Many of the signs and symptoms of overactive bladder (OAB) are due to faulty perceptions of bladder signals and habitual nonphysiologic responses to these signals.¹² The etiology of OAB in children is unclear but may be related to a maturational delay in the central nervous system.

Some of the consequences of OAB result from the child's voluntary attempts to maintain continence during the involuntary detrusor contractions. These coping mechanisms, including forceful contractions of the external sphincter and squatting maneuvers to produce perineal compression, may lead to functional and morphologic changes in the bladder, which can increase the child's risk of UTIs and vesicoureteral reflux. Contraction of the pelvic floor muscles may also increase the risk of constipation.

As with adults, older children often institute various coping strategies, including defensive voiding, toilet mapping, and restriction of fluid intake. Thus, the management of OAB must consider not only the detrusor overactivity but also the responses to it.

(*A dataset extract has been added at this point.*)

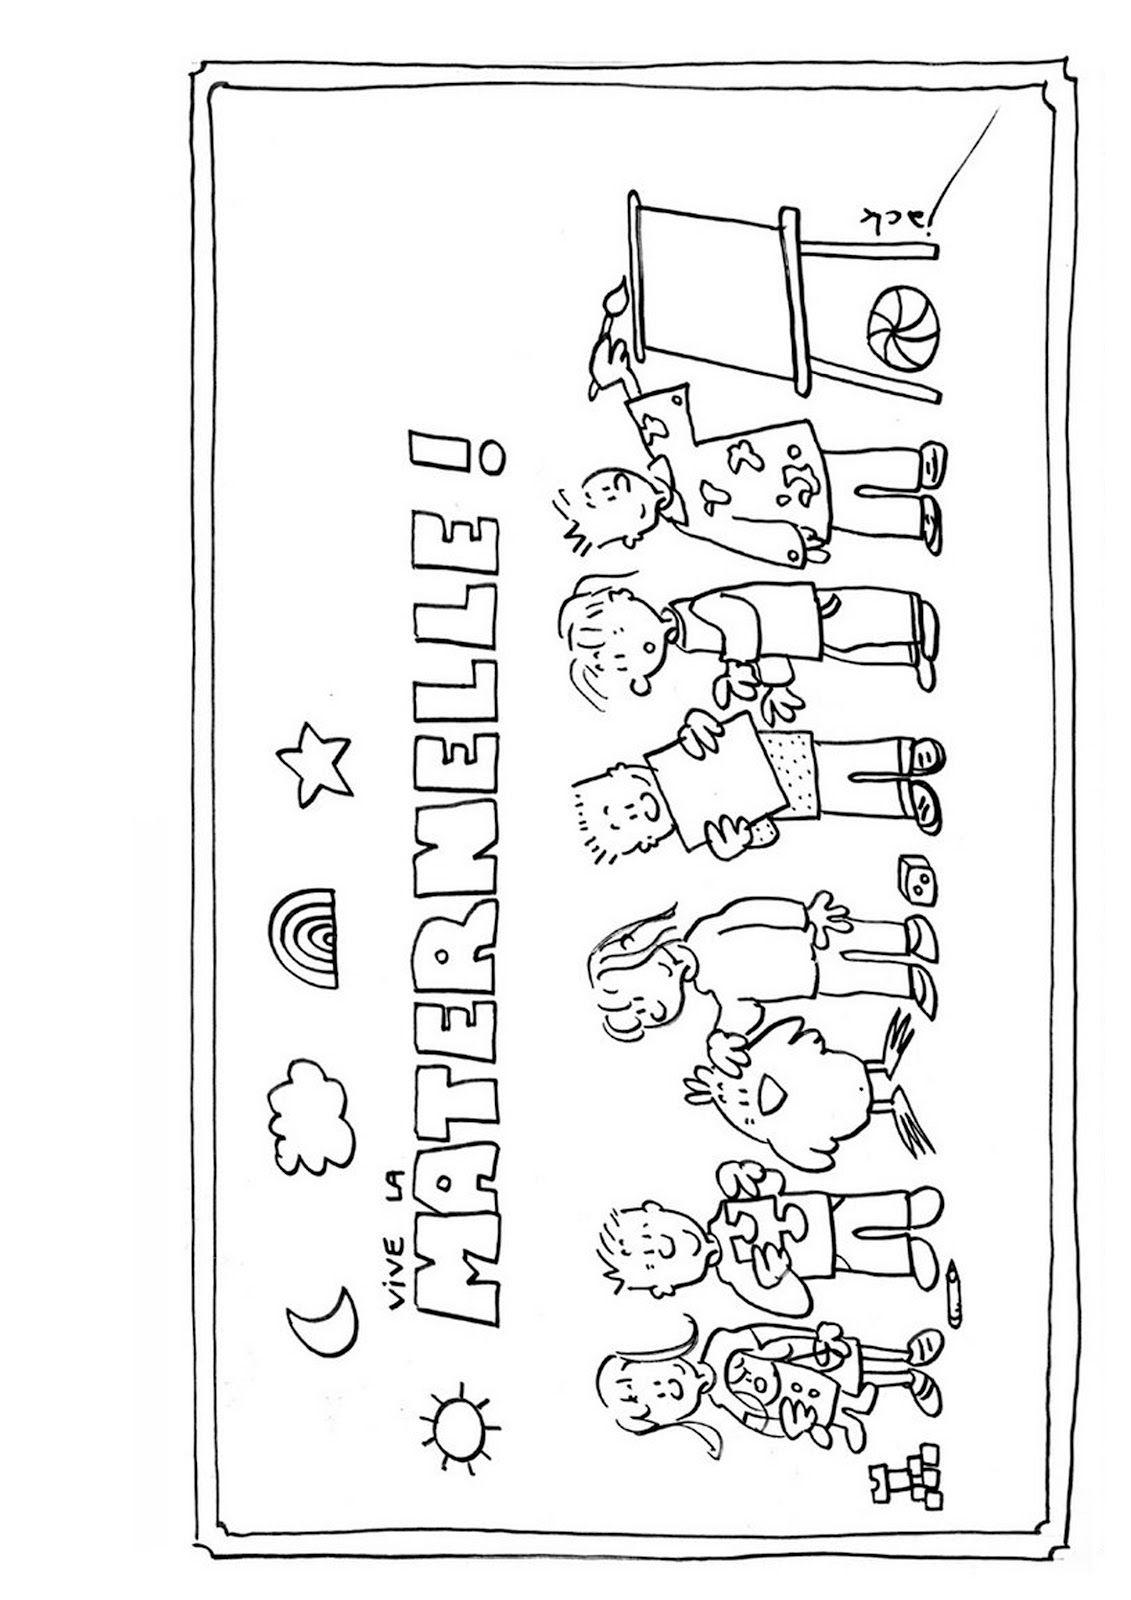 Affichages Utiles En Vrac   Coloriage Rentrée dedans Coloriage Classe Maternelle
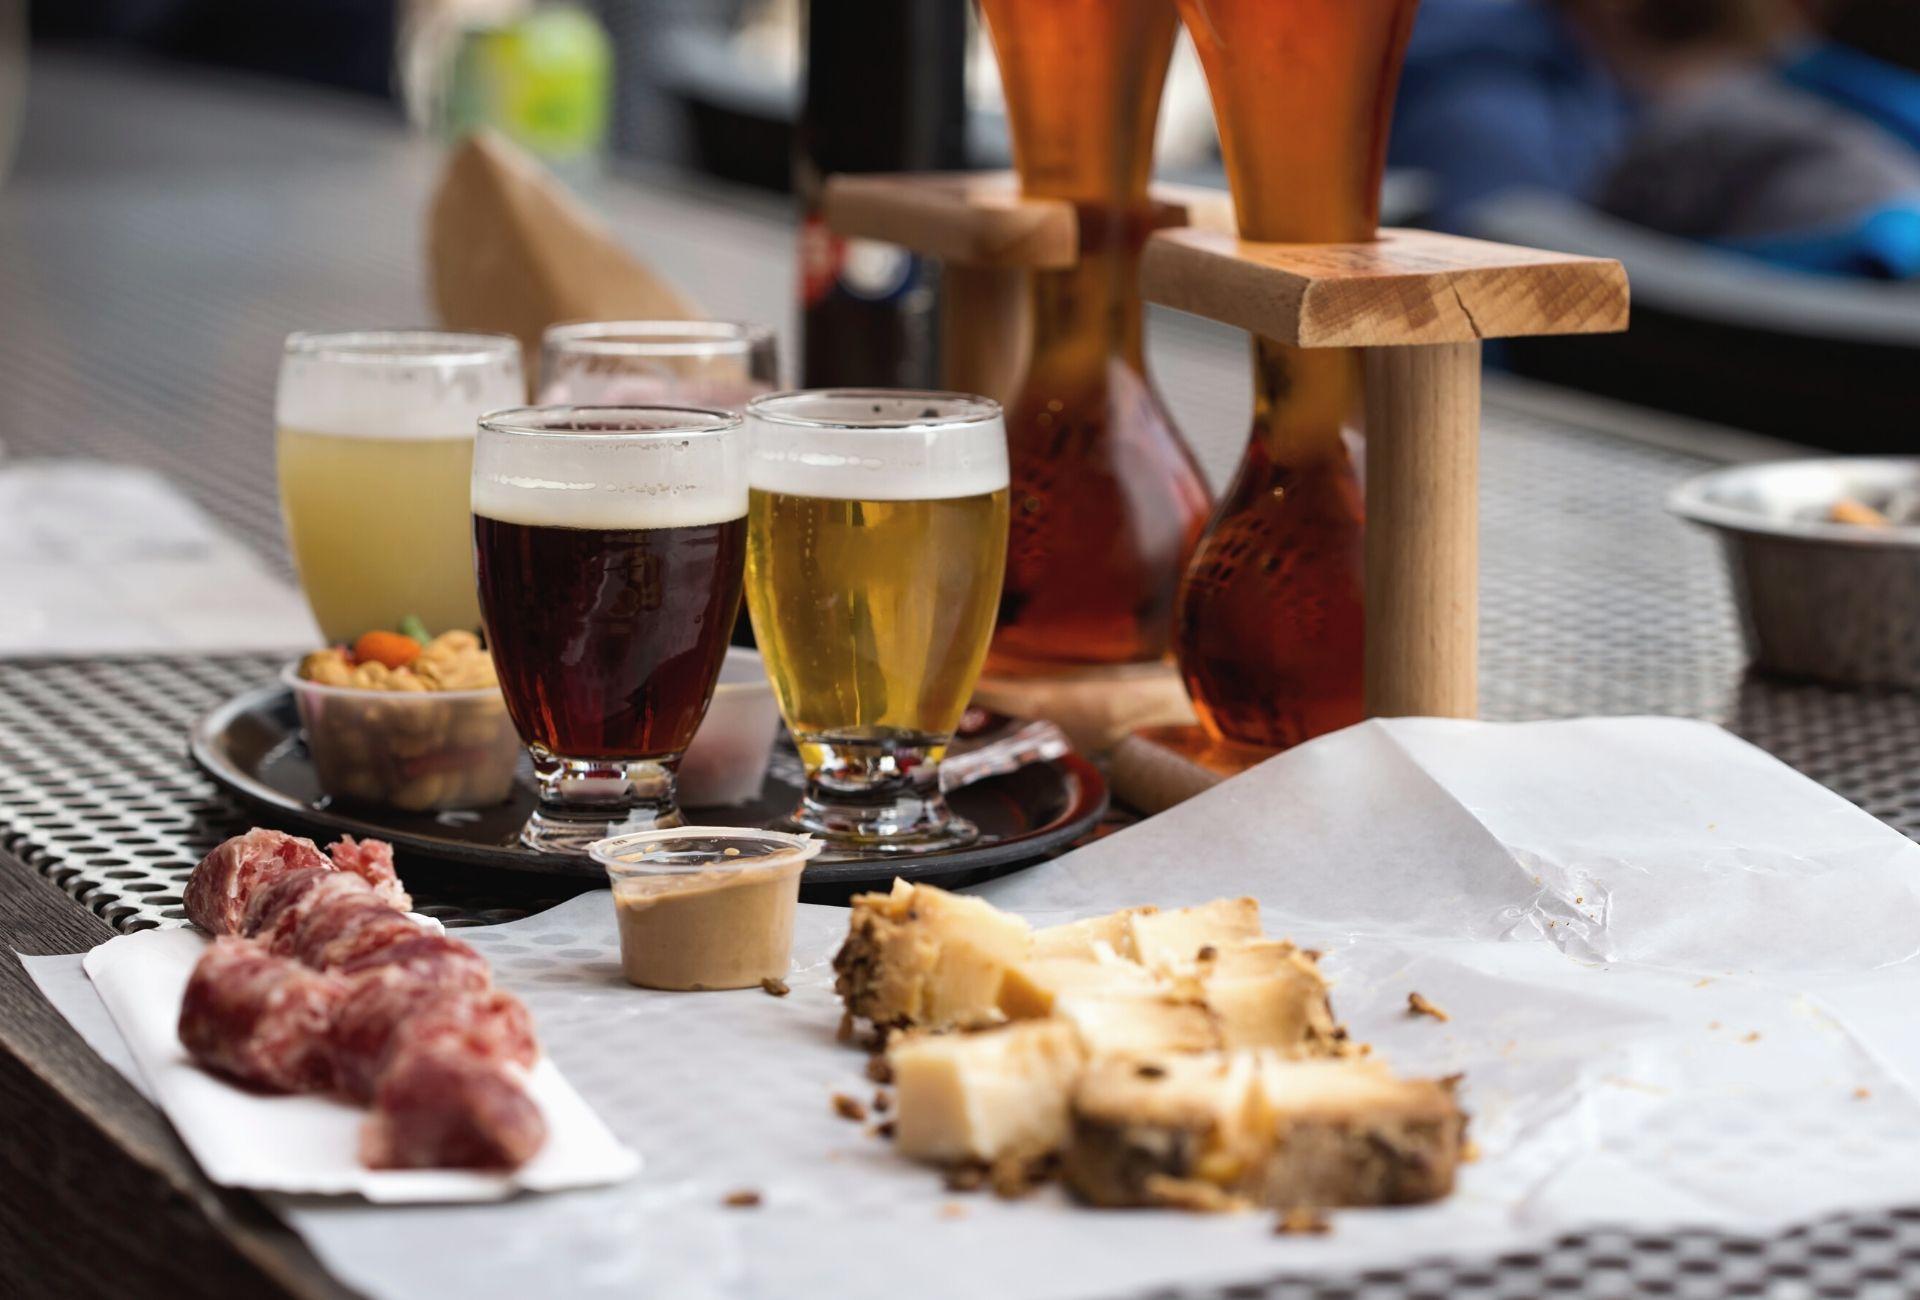 Cervejas de diversos tipos e algumas comidas típicas belgas

The initial management of OAB involves a behavioral and cognitive approach. The child and caregiver must be educated on normal bladder and sphincter function.

Constipation, if present, must be treated. UTIs should be treated and, depending on the child's age and whether the UTIs have been febrile or nonfebrile, investigated further with renal ultrasonography and VCUG. In children with recurrent UTIs, the use of antibiotic prophylaxis may be helpful in decreasing the number of infections while voiding and bowel habits are being managed. Nitrofurantoin or trimethoprim-sulfamethoxazole at one third to one half of the normal treatment dose administered once per day is the typical choice for prophylaxis.

If behavioral therapy fails or the child has severe symptoms, pharmacologic therapy is instituted. See Medication.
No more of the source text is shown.